2.2. Van de Westerlo heeft haar declaraties met betrekking tot haar werkzaamheden ten behoeve van [gedaagde] over de periode van juni 1999 tot en met 8 mei 2003 rechtstreeks aan de belangenbehartiger van London gezonden. In juli 2003 heeft London terzake van die declaraties EUR 1.500,-- aan Van de Westerlo betaald. Het totaal van de declaraties van Van de Westerlo oversteeg toen al het bedrag van EUR 1.500,-- aanzienlijk.
2.3. Op enig moment deelde London aan Van de Westerlo mee dat zij de schade van [gedaagde], waaronder de facturen van Van de Westerlo, niet verder zou vergoeden. Om die reden heeft Van de Westerlo voor zijn werkzaamheden vanaf 9 mei 2003 geen declaraties meer aan de belangenbehartiger van London gestuurd. London nam het standpunt in dat de klachten die [gedaagde] bij het ongeval had opgelopen over waren en dat de rest van zijn klachten pre-existent was. In verband hiermee heeft [gedaagde] aan Van de Westerlo de opdracht gegeven om een procedure tegen London te starten bij de rechtbank Utrecht (hierna ook: “de procedure”). In april 2005 is de dagvaarding tegen London uitgebracht.
2.4. Van de Westerlo heeft het Nederlands Rekencentrum Letselschade (“NRL”) ingeschakeld teneinde een berekening te maken van het verlies van arbeidsvermogen van [gedaagde]. Deze berekening is namens [gedaagde] ingebracht in de procedure. NRL heeft terzake van haar werkzaamheden EUR 3.260,60 inclusief BTW aan Van de Westerlo in rekening gebracht.
2.5. In 2005 heeft Van de Westerlo in het kader van zijn werkzaamheden ten behoeve van [gedaagde] een medisch adviseur ingeschakeld. In de periode van 5 september 2005 tot en met 9 juni 2008 heeft deze medisch adviseur in verband met zijn werkzaamheden EUR 338,69 aan Van de Westerlo in rekening gebracht.
2.6. Gedurende de procedure hebben Van de Westerlo en London de onderhandelingen hervat. In verband hiermee heeft London een voorschot van EUR 7.500,-- aan Van de Westerlo overgemaakt.
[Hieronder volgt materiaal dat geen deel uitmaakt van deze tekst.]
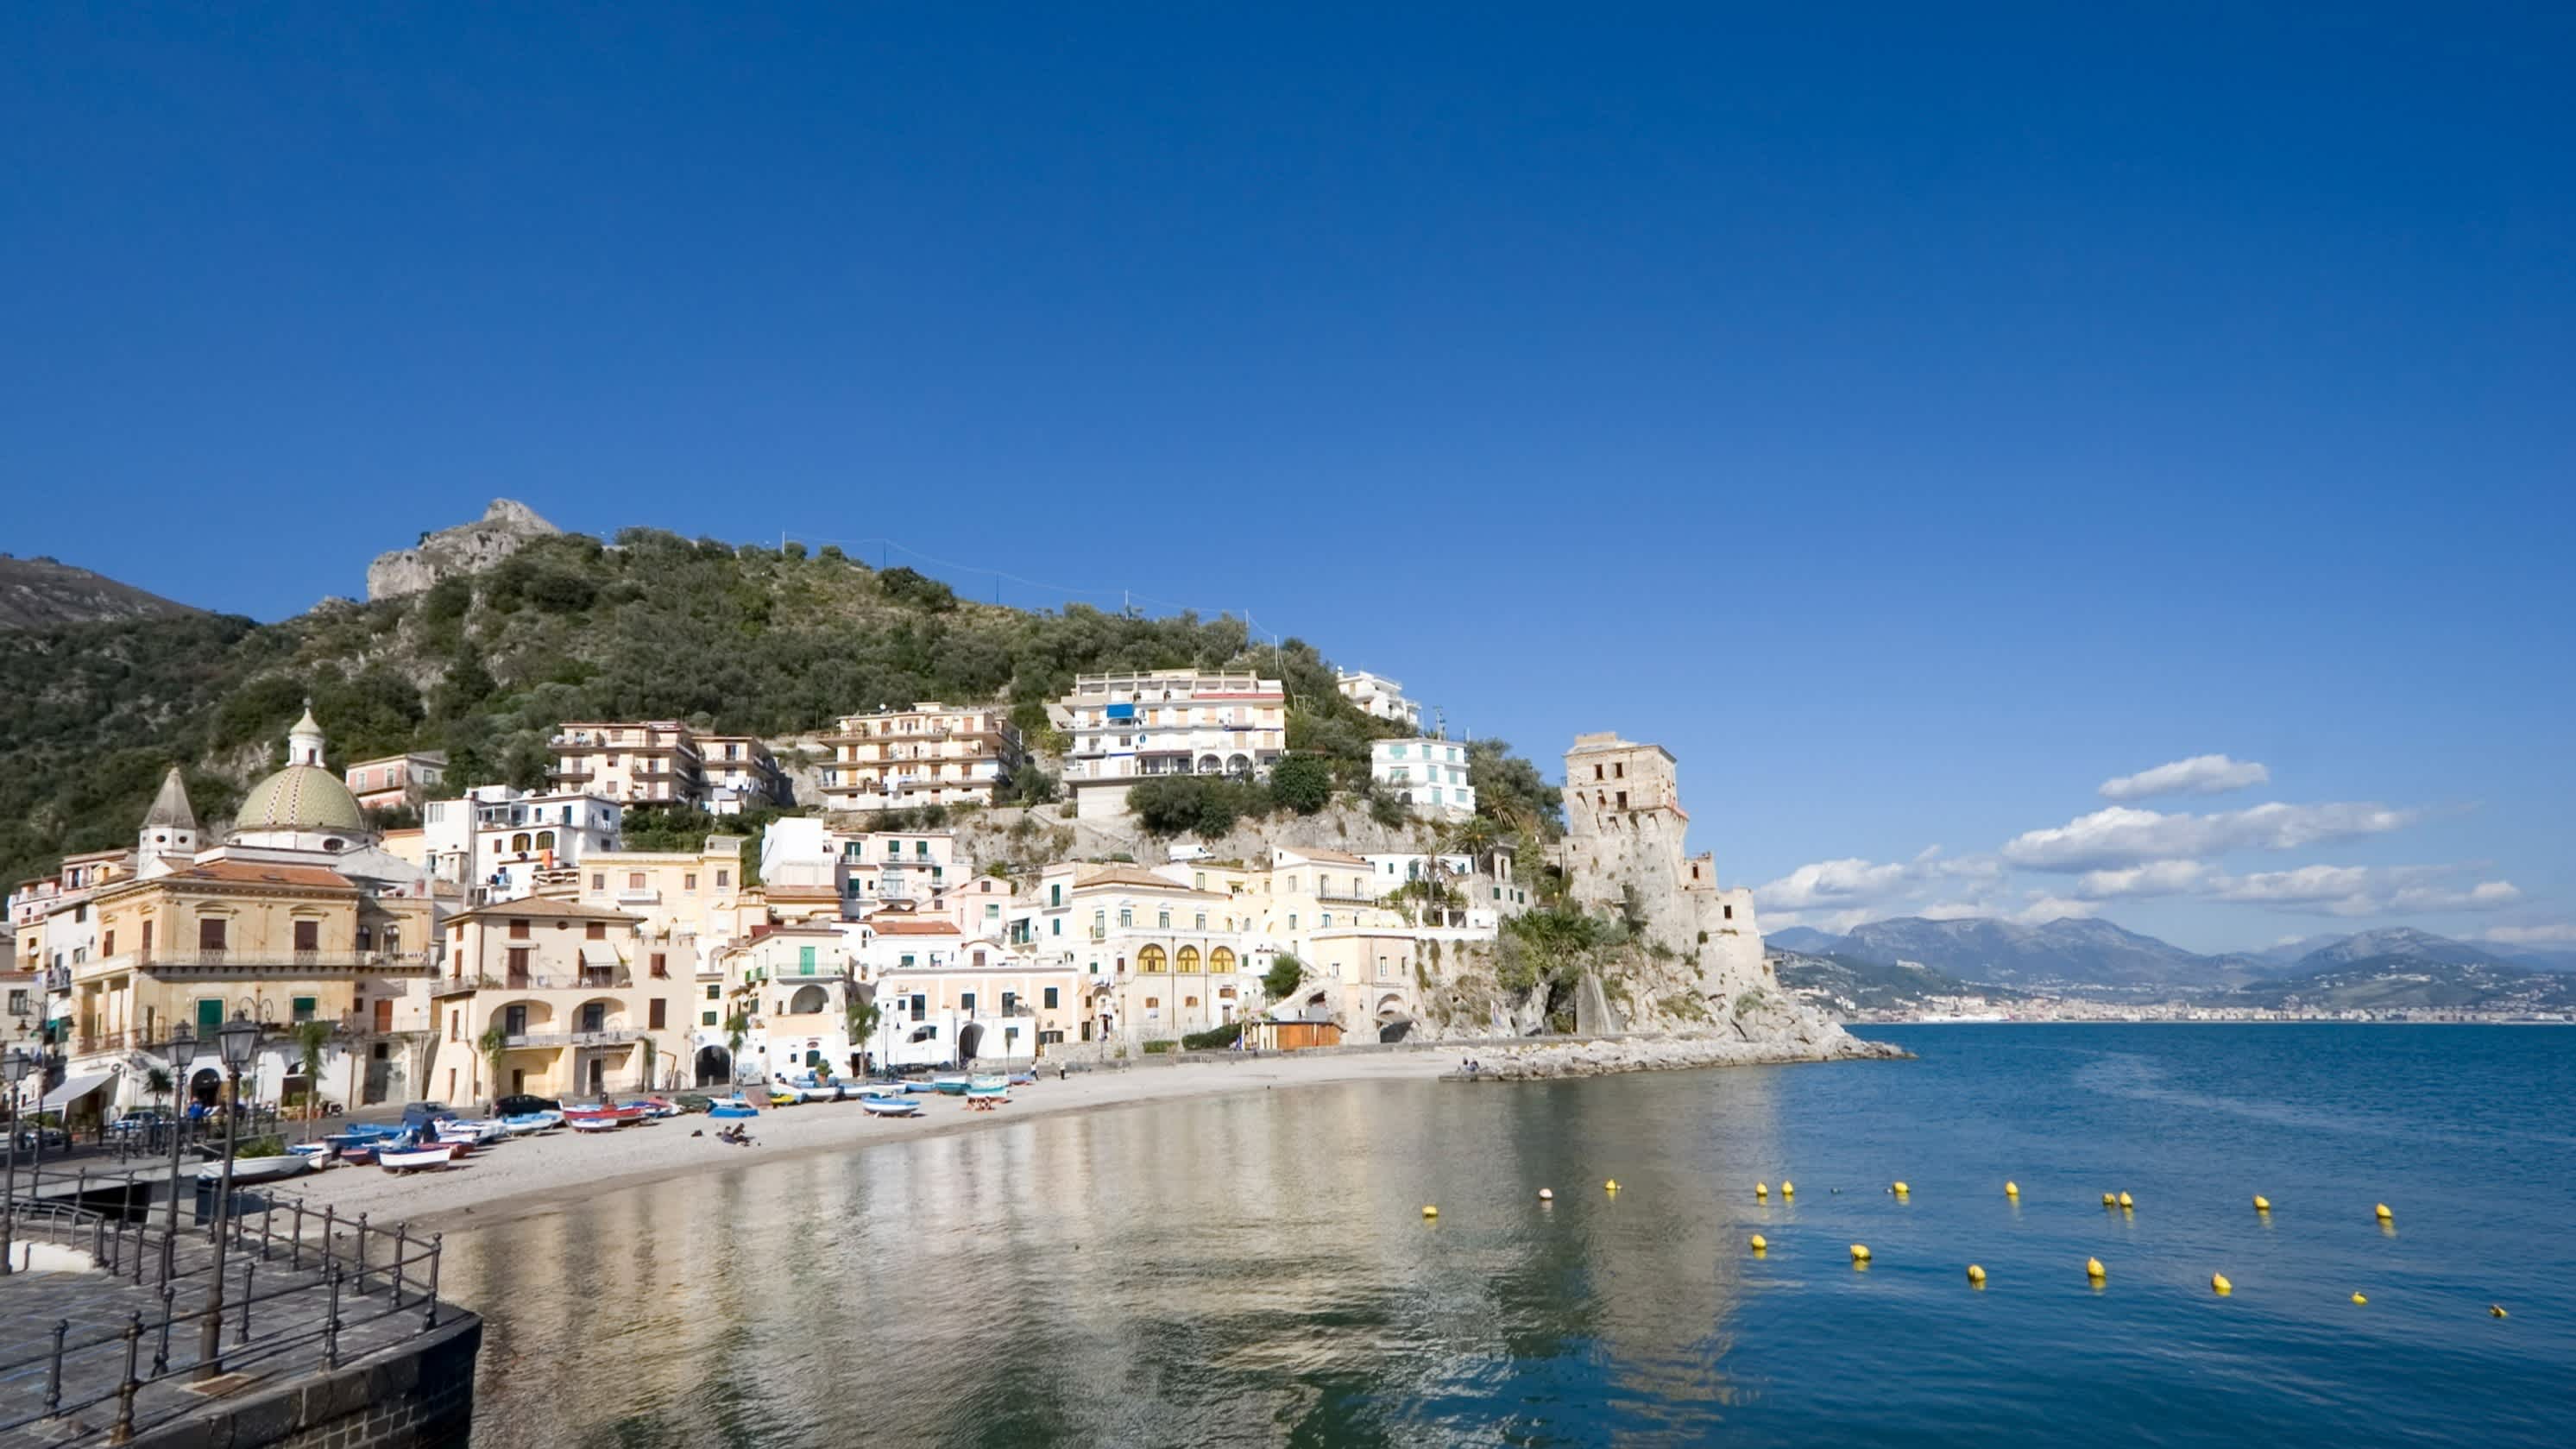 Blick auf die Badebucht des Spiaggia di Cetara mit Hügel im Hintergrund und Häuserfronten

Dit bedrag is door Van de Westerlo doorgestort naar [gedaagde]. Abusievelijk heeft de bank van Van de Westerlo in januari 2008 nogmaals EUR 7.500,-- naar [gedaagde] overgemaakt. [gedaagde] heeft dit bedrag nooit teruggestort naar Van de Westerlo.
2.7. In de loop van 2008 bood London aan om de zaak van [gedaagde] af te wikkelen tegen een slotbetaling van EUR 67.500,--. Naar aanleiding daarvan hebben [gedaagde] en mr. Van de Westerlo op 1 juli 2008 een bespreking gehad op kantoor van laatstgenoemde. Ter bevestiging van die bespreking heeft Van de Westerlo in een brief van eveneens 1 juli 2008 aan [gedaagde] geschreven:
Los van het vorenstaande heeft u mij medegedeeld dat u op korte termijn deze slepende zaak wenst te beëindigen. U heeft mij medegedeeld in te kunnen stemmen met een voorstel aan de wederpartij inhoudende een betaling ad EUR 80.000,-- inclusief de kosten rechtsbijstand, de kosten van de medisch adviseur, de proceskosten en de kosten van NRL. Deze kosten betaalt u dan uit het bedrag ad EUR 80.000,--.
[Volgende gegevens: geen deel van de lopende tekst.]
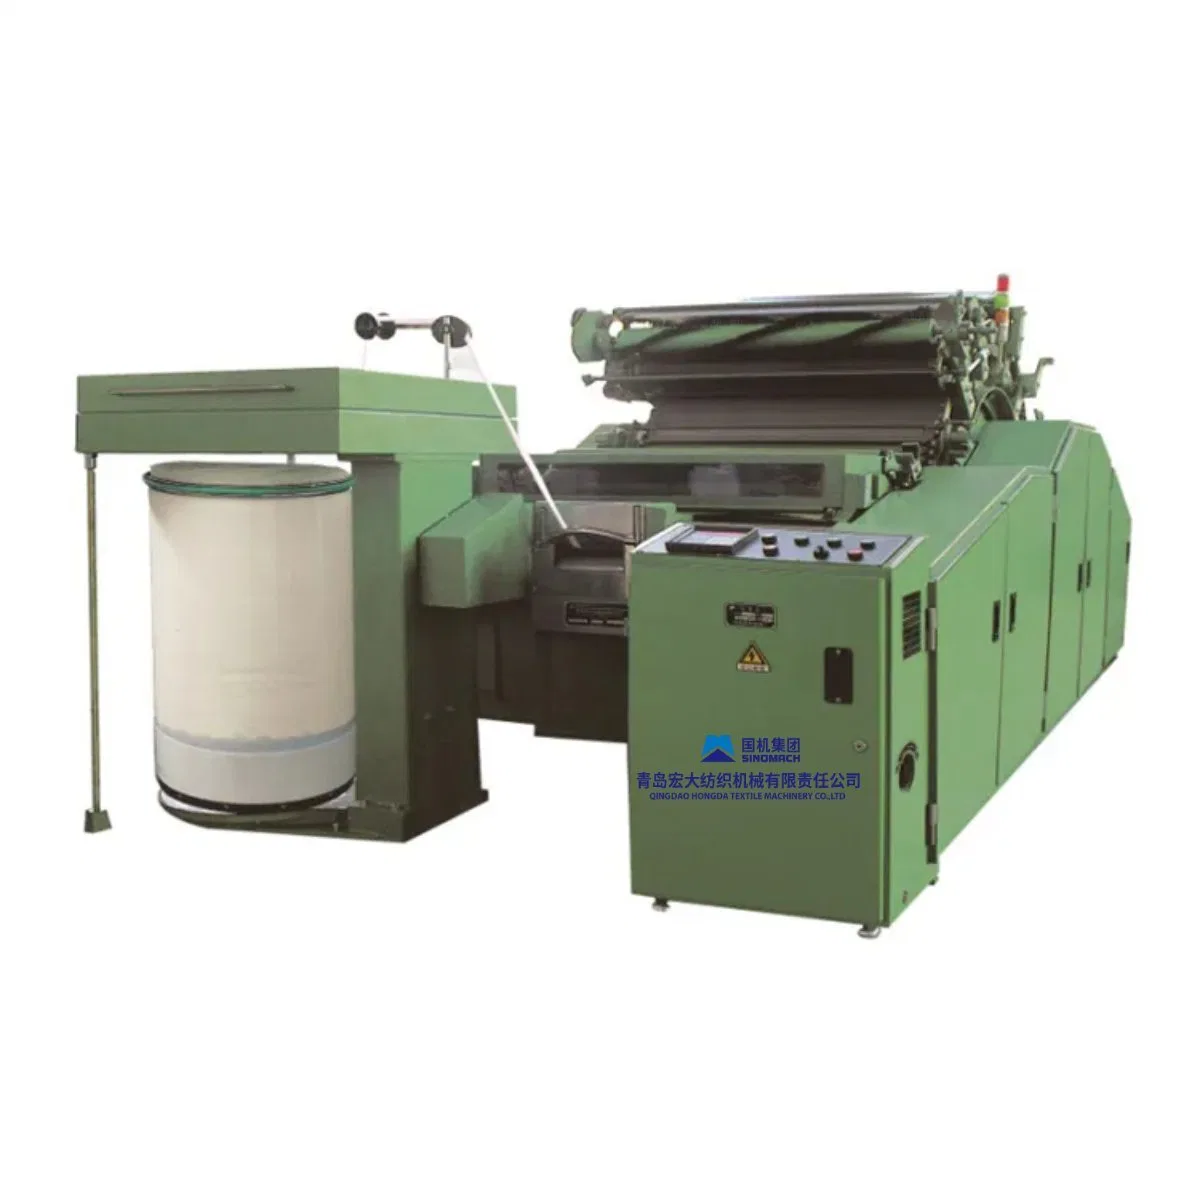 Машина для производства горячего продукта Jingwei Cotton/Chemical Fiber Carding, модель A186g

2.8. De declaraties van Van de Westerlo terzake van haar werkzaamheden voor [gedaagde] over de periode van juni 1999 tot augustus 2008 bedragen EUR 25.719,16, te vermeerderen met het in 2003 van London ontvangen voorschot van EUR 1.500,--. De door Van de Westerlo vergoede kosten van derden bedragen gezamenlijk EUR 4.042,82. In totaal bedragen de kosten van rechtsbijstand derhalve EUR 31.261,98.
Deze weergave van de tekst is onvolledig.